Фредерик воображал, что она девственница. Он и подумать не мог, что Клер уже научилась определять момент, когда мужчина готов уступить мольбам, потому что хочет понравиться.
— Я бы и хотел вам помочь, дорогая, — наконец произнес он, — однако своей просьбой вы ставите меня в затруднительное положение. Волки перерезали чуть не целую отару овец на выгоне, за поместьем, иными словами, у меня под носом. И поранили восьмимесячного жеребенка, так что пришлось его прикончить. Я не желаю нести такие убытки! И ведь я предупреждал вас, Клер: на собаку с долей волчьей крови полагаться нельзя! Однажды она набросится на вашего маленького брата или на другого ребенка. А может, и на вас. И вот доказательство: ваш пес ушел к волкам и бесчинствует вместе с ними! Как, по-вашему, почему волки осмелели и подходят так близко к жилью? Ваш пес стал у них вожаком и, поскольку он людей не боится, ведет за собой остальных. Зачем щадить зверя, ставшего опасным? Мне жаль, Клер, я совершенно не хотел вас огорчать.
Тон был искренним, рассуждения — логичными. Фредерик был прав, она это понимала. Едва слышно, словно поверяя секрет, Клер сказала:
— Этой ночью Соважон не дал волкам на меня напасть! Вы правы, он ими верховодит. И все-таки он меня спас, а значит, не забыл. Пощадите его, и обещаю, я посажу его на цепь, так, чтобы больше никаких побегов! Я так его люблю! Может, это звучит глупо, но я буду очень горевать, если Соважон погибнет. Фредерик, окажите мне эту любезность!
Мужчина спешился, привязал коня к крепкой ветке.
— А что взамен? Я думал, что зачахну в городе, у тетушки Аделаиды. Постоянные семейные проблемы, тяжелобольная маленькая кузина, а еще — великосветские застолья, болтовня с приятелями в Кафе-де-ля-Мэри… Я очень скучал по Понриану, по своим лошадям, по скалам и по вам, Клер! По моей так называемой невесте, такой неприступной, которая и шагу из дома не ступит.

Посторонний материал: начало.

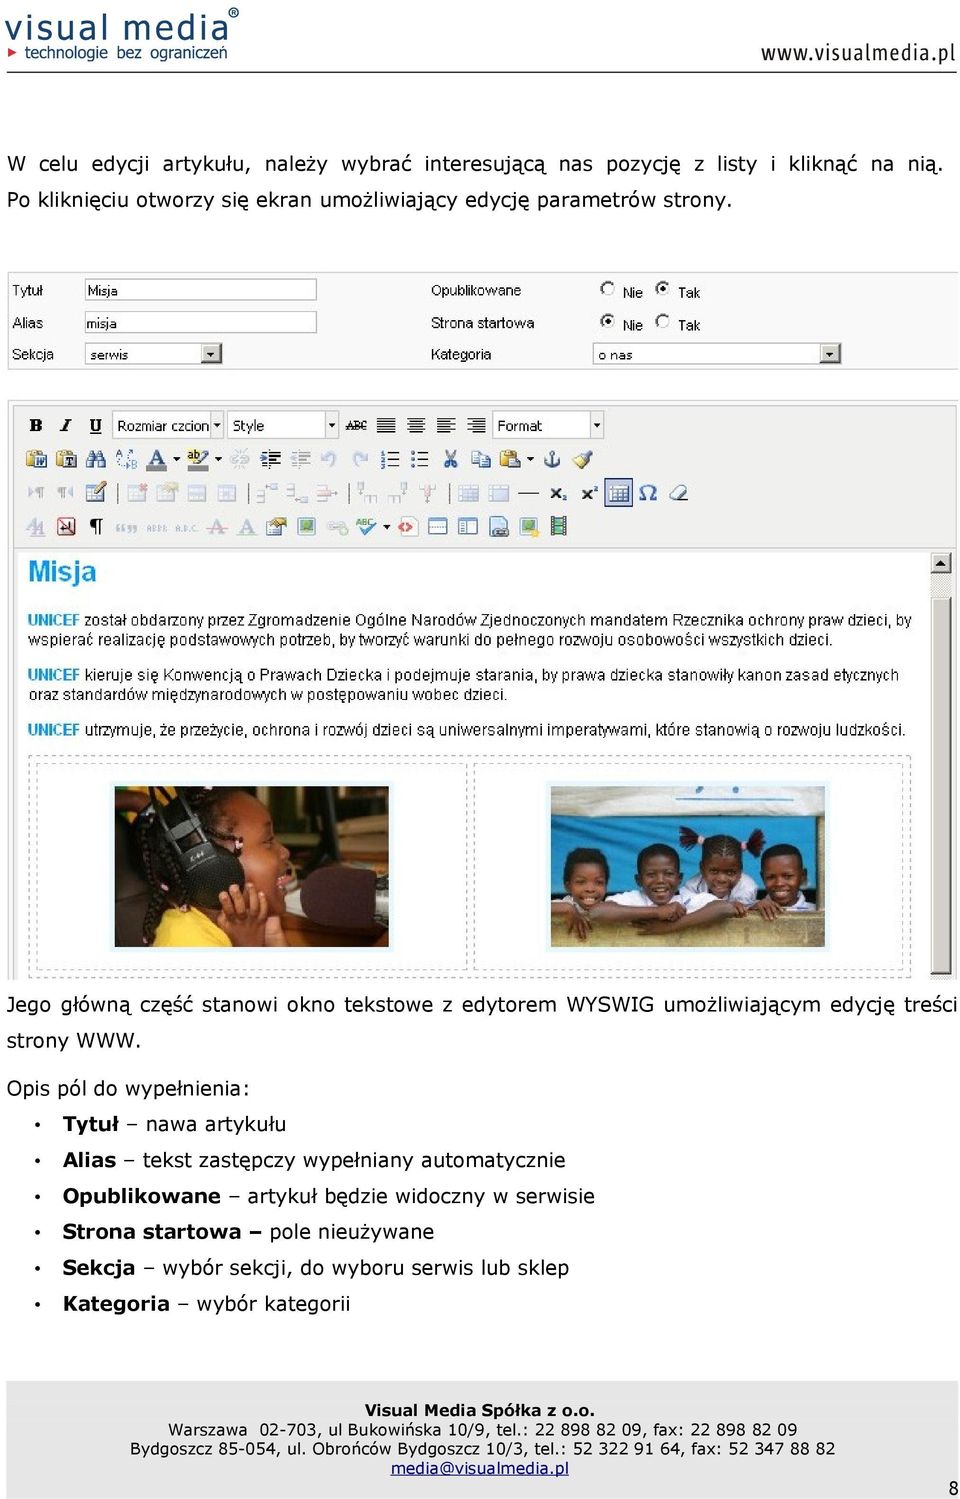 Jego główną część stanowi okno tekstowe z edytorem WYSWIG umożliwiającym edycję treści strony WWW.

Клер соскользнула с лошади. Ей больше не хотелось врать.
— Фредерик, выслушайте меня! Я за вас не выйду. Это идиотская сделка — та, что мы с вами заключили. Любовь не продается. Вы не будете со мной счастливы!

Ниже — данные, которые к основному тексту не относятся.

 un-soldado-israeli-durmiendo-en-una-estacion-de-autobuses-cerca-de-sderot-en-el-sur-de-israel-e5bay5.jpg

Девушка успела позабыть, с каким раздражительным, вспыльчивым человеком имеет дело. С перекошенным от гнева лицом он встал перед нею:
— Нет уж, дудки! Мадемуазель Руа, я уже лишился кругленькой суммы и мельницы с прилегающим к ней участком, и все ради ваших красивых глаз! Я подарил вам очень дорогое кольцо. Я с нетерпением ждал лета и нашей свадьбы. Потратил кучу денег, украшая усадьбу. И этот конь — я хотел вам его подарить. Не пытайтесь меня одурачить, Клер! Я вас хочу! Проклятье, что вы теряете? Кузину, которая, похоже, живет за ваш счет, потому что ее муж разорился? Об этом судачит весь Ангулем. Старый дом без особых удобств? Сами подумайте!

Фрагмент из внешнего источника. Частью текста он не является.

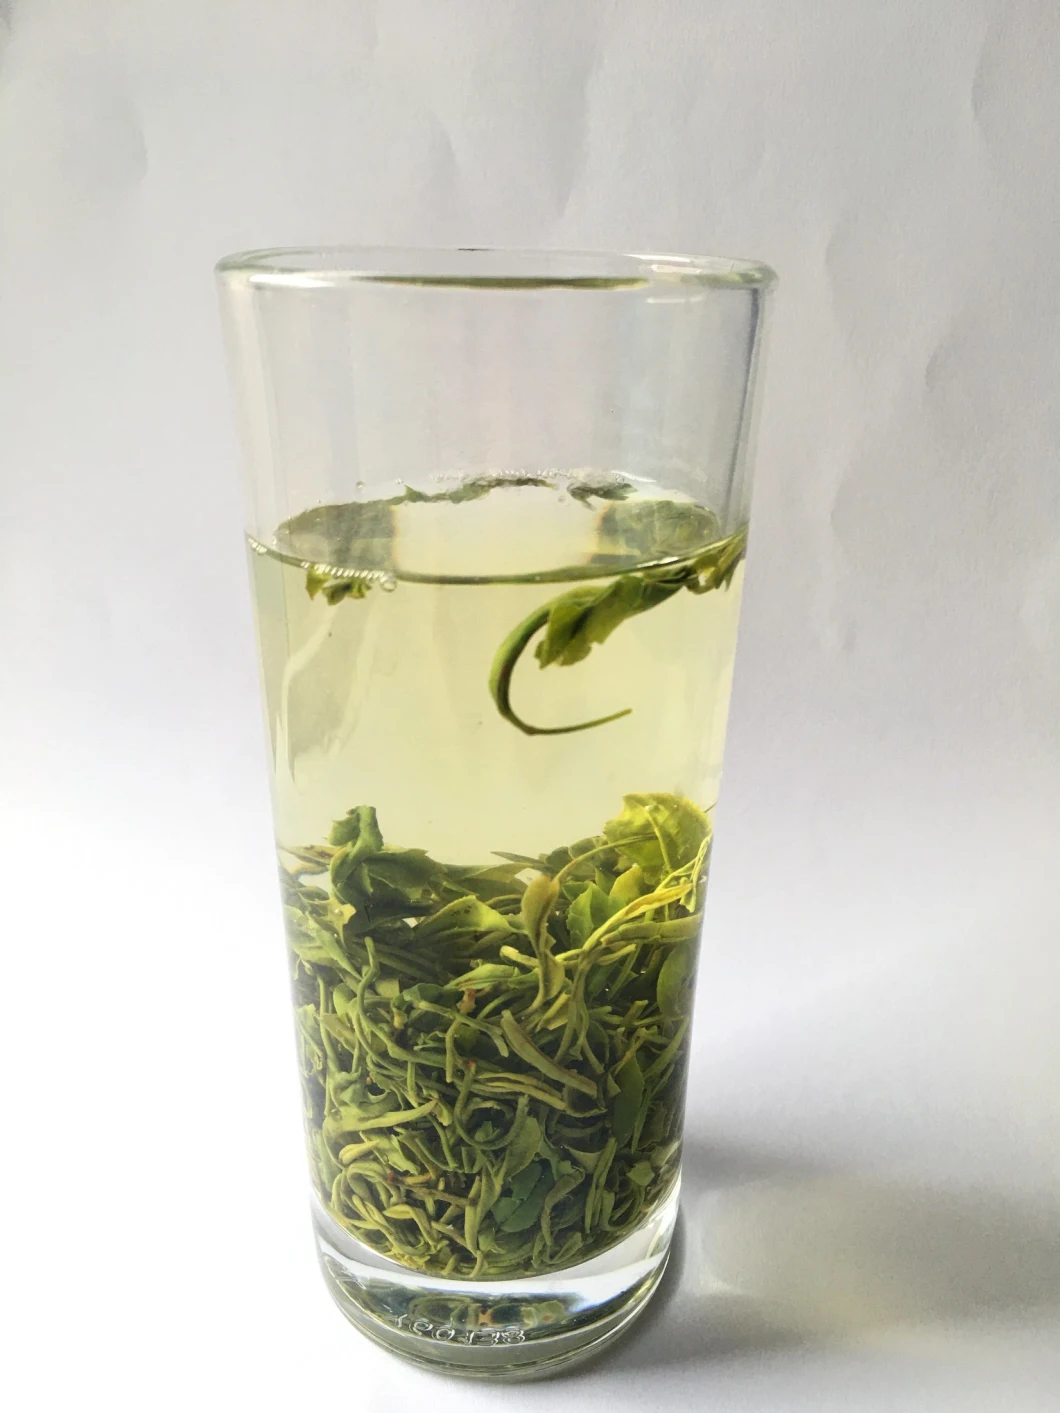 Organic Chinese Loose Leaf Tea Anji White Tea

Фредерик обнял ее за талию, коснулся ее щеки своими холодными губами. Клер напряглась, но вырываться не стала. Он сам разжал руки и заявил безапелляционно:
— Клер, минуту назад вы умоляли спасти вашего полуволка! Предлагаю обмен: если мы поженимся до Пасхи, я сейчас вскакиваю в седло, увожу своих людей, и пусть эти чертовы волки перережут всю деревню! А вечером, не взяв с собой оружия, поеду искать вашего пса. Если повезет, я вам его верну, живым!